Avis d'expert : "L'Allemagne peut sortir du nucléaire en 2022 et du charbon en 2040"

En janvier 2016, le think tank allemand Agora Energiewende a proposé 11 principes pour sortir l'Allemagne de sa dépendance au charbon. Lors d'un récent passage à Berlin, j'ai pu en discuter longuement avec Dimitri Pescia qui est senior associate chez Agora.

Voici la retranscription de cet échange.

Quelle la situation énergétique de l'Allemagne à l'heure actuelle ?

Le système électrique allemand est en profonde transformation. L’année 2015 a été une année de tous les records : record de production renouvelable, record de production éolienne, record d'exportations...

Aujourd'hui, à peu près un tiers de la consommation électrique allemande est couvert par les énergies renouvelables, 40% par le charbon et le reste par le nucléaire et le gaz. Le changement est donc significatif par rapport aux années 90, où il n'y avait quasiment pas de renouvelables, à part un peu d'hydraulique et de biomasse. Le  nucléaire  couvrait alors plus de 30% du mix et la part du charbon était à peu près la même qu'aujourd'hui.

En une vingtaine d'années on a donc un vrai développement des énergies renouvelables mais peu d'évolution sur le charbon. La situation allemande est donc paradoxale : on bat des records de production renouvelable mais les émissions de CO2 diminuent peu, car le compétitivité du charbon conduit également à des records historiques d’exportation ! Dans ce contexte, l'Allemagne n’atteindra probablement pas son objectif national de réduction des émissions de CO2, fixé à -40% en 2020 par rapport à 1990. C'est pourquoi nous appelons à la mise en place de mesures supplémentaires. 



"Le marché seul ne conduira pas à la fin du charbon en Allemagne."





Vous proposez donc une sorte de mode d'emploi de la sortie du charbon, quels en sont les points clés ?

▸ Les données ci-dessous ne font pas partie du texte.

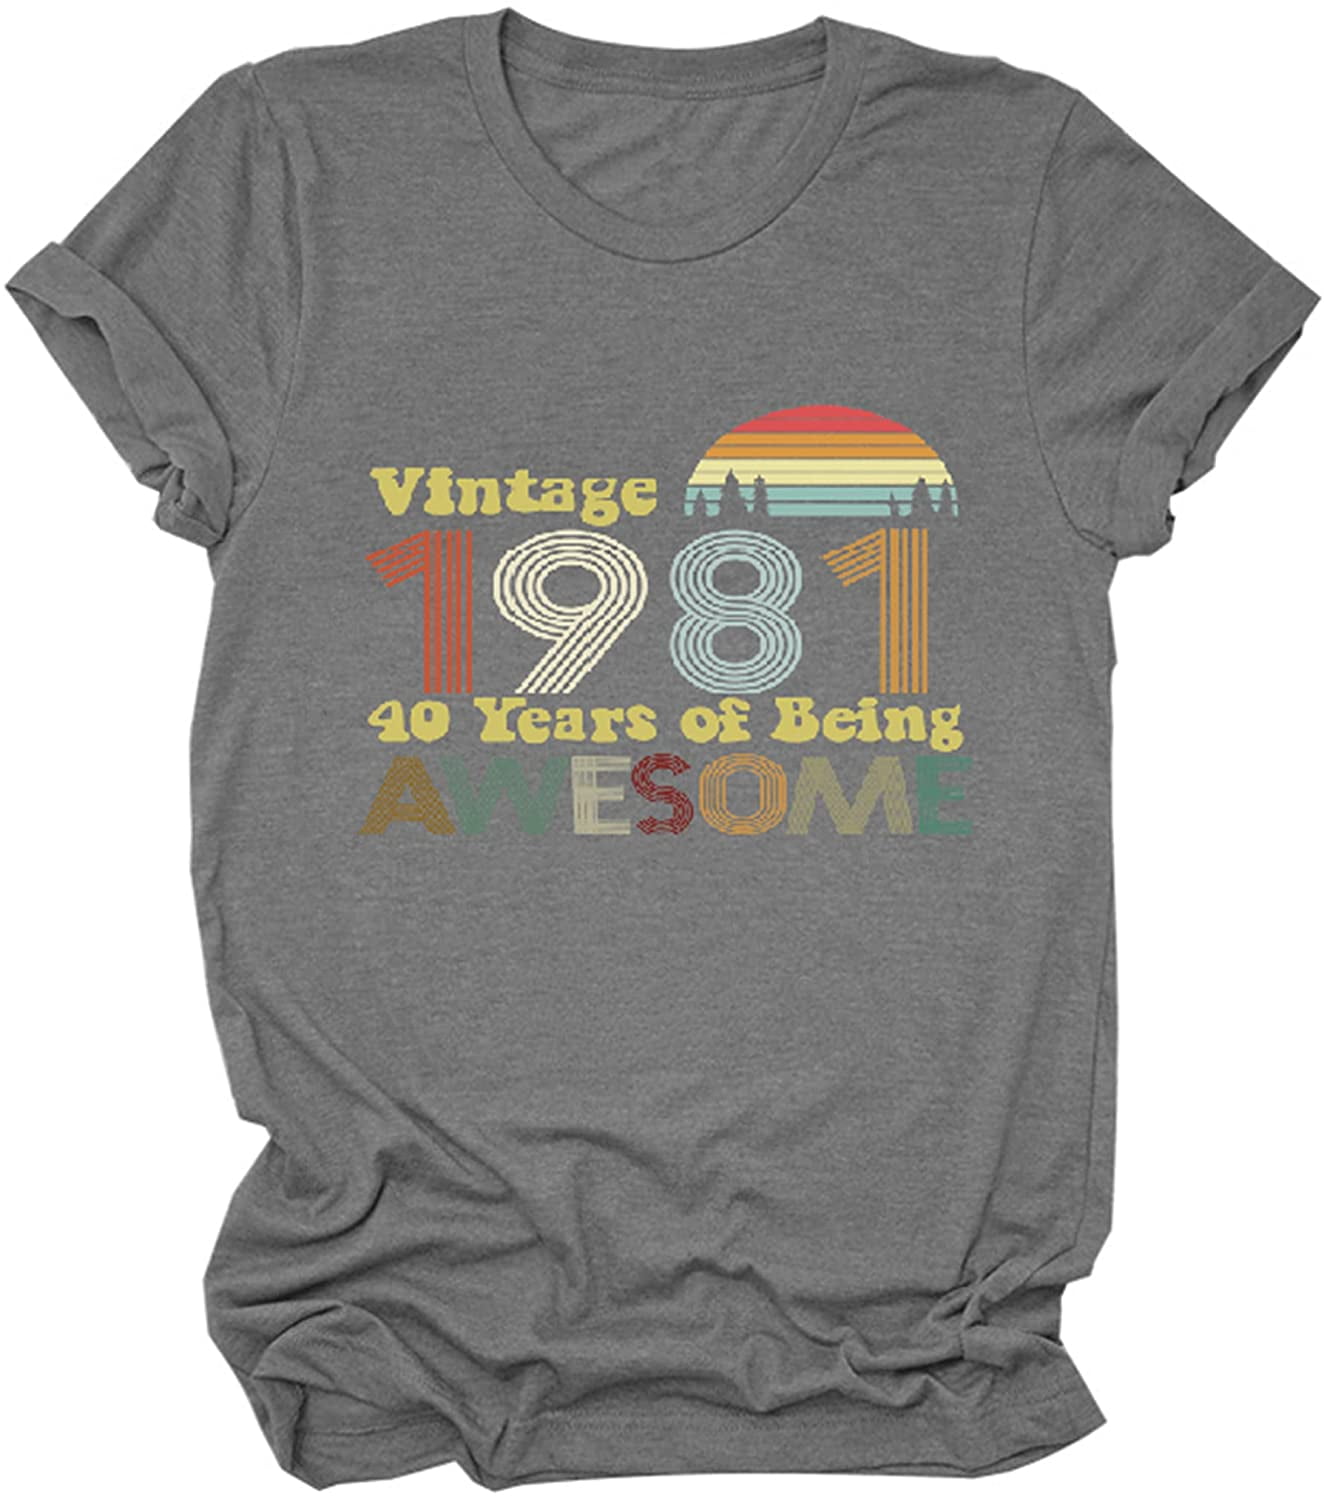 40th Birthday Gifts T Shirts for Women Retro Birthday Graphic Tees Shirt Vintage 1981 Original Parts Funny Casual Tops

Notre proposition part du constat suivant : le marché européen des émissions de CO2 ne sera pas en mesure d’enclencher à temps la sortie du charbon en Allemagne. Le prix du CO2 va rester trop bas alors que les centrales sont amorties et leur coût marginal de production est très faible. Selon nos calculs, pour obtenir un basculement du charbon vers le gaz, ce qui permettrait de réduire les émissions du secteur électrique, il faudrait un prix du carbone qui passe de 5€ à 40 ou 50€, or il n'y a pas un volontarisme politique suffisant au niveau européen.
Sans mesures nationales, l'Allemagne n'atteindra donc pas ses objectifs de réduction d'émissions. Une solution consensuelle et de long-terme est nécessaire, en particulier pour accompagner le processus de restructuration socio-économique des régions minières et assurer la sécurité des investissements et la planification dans le domaine de l’énergie. Il nous faut donc construire ce consensus sur le charbon comparable à celui qui a permis la sortie du nucléaire. C’est dans cette optique qu’il faut comprendre notre proposition, qui s’appuie sur une modélisation du secteur électrique européen réalisée par l'institut Enervis.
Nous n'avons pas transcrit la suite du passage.